ROBBIE BASHO - ARCHIVES
About Robbie Basho's style and musical philosophy:
Trying to describe the music of Robbie Basho with tabulature and tunings is only half of the truth. The main thing is the vision to find the essence of cultures and places: the hue of nature's colors to paint with guitar and voice. Robbie's early compositions were often rough-hewn, long-winding gems full of expression and romantic visions and rooted in the new folk scene of the late 50s/ early 60s (Washington, Berkeley...).(He talked about creating "Zen-Buddhist-Cowboysongs"....) Along with his studies of flamenco techniques, blues, classical music, bluegrass, Oriental, American Indian and Hindu textures (the entire universe is potential), and his experiments to find alternative tunings to express a wide range of emotions and colors, he became one of the pioneers, besides John Fahey, of the contemporary steel-string guitar and the most important forerunner of the later New Age movement. However, Robbie's music expresses more than contemplative beauty -it is dramatic art. With his simple philosophy "soul first -technique later", Robbie developed his own musical universe to marry the spirit and rhythms of Eastern philosophies with Western folk and classical approaches. His style was a study of various different playing techniques with very complex right-hand picking patterns (using the fingernails) and a great left-hand freedom, often working very linear up the neck.In his later years he claimed to use about 30 seperate tunings and various picking-styles. But his overriding interest was not to play a technical contest or sound exotic, but to broaden the dimensions of what we know as our own.

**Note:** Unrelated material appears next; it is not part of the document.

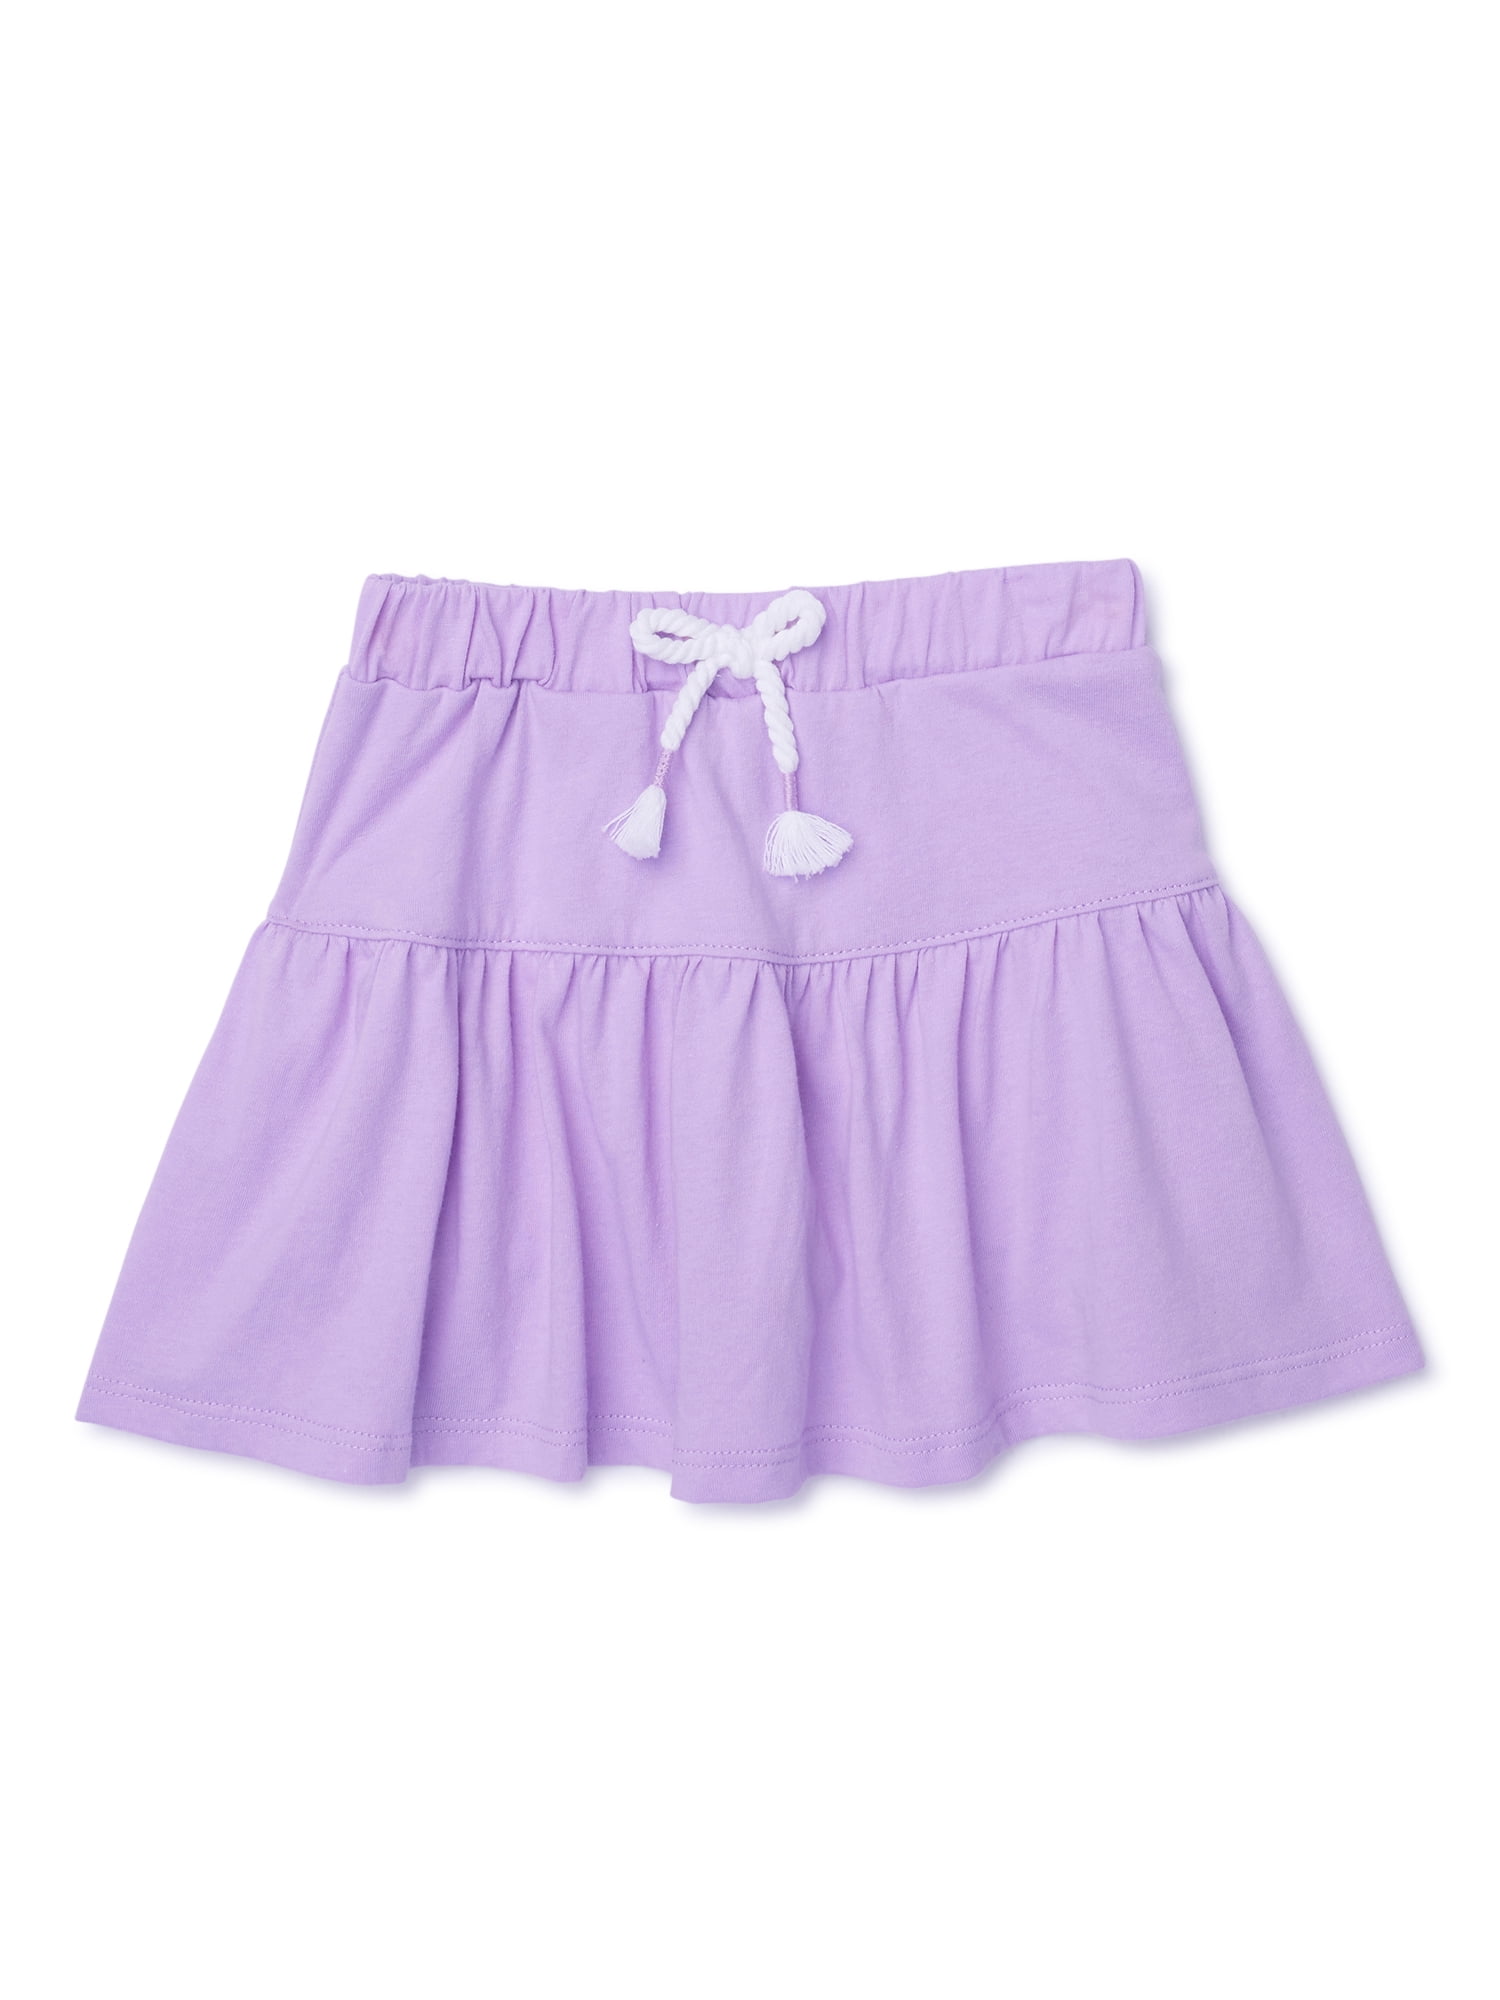 Garanimals 365 Kids Girls Bow Plain Leggings - Light Purple
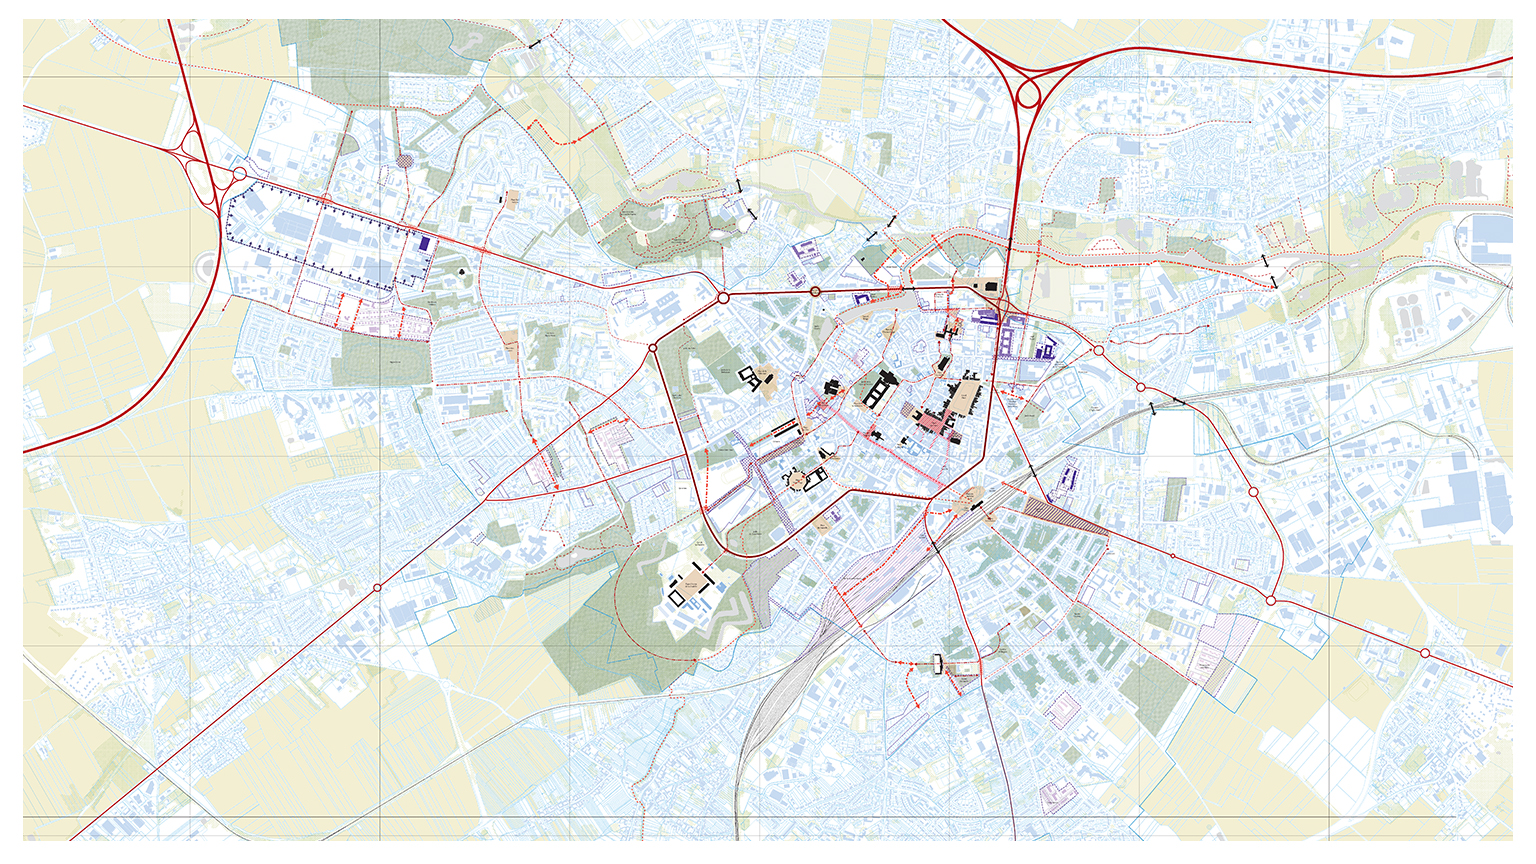 Un plan coordonné pour changer l’usage et l’image de la ville d’Arras

Robbie Basho's Esoteric Doctrine of Color & Mood for 12&6 string guitar
(published in the album notes of the first "The Seal of the Blue Lotus" issue)
basic chord chart
modal tunings chart
Some Robbie Basho guitar tunings (more soon):
(Robbie played many variations of the open C tuning. Note, that he tuned his 12string guitar between 3 and 6 half steps lower
(on his earlier records mostly 4-6, later-Windham Hill- 3-4) because of the use of medium strings and how the guitars and strings
"worked" best for the tunings. Every guitar works different for a tuning; little bit lower or higher...
He always tried to find the best pitch for a good sound of a tuning.)
Some handwritten tablatures, from Maurizio Angeletti's beautiful book "American Guitar" and from "The Awakener Magazine" are here...
Today Robbie Basho ist often seen just as a 12 string guitar player, but most of his recorded work is played on a 6 string, an old Weymann, made in the late '20s in Philadelphia.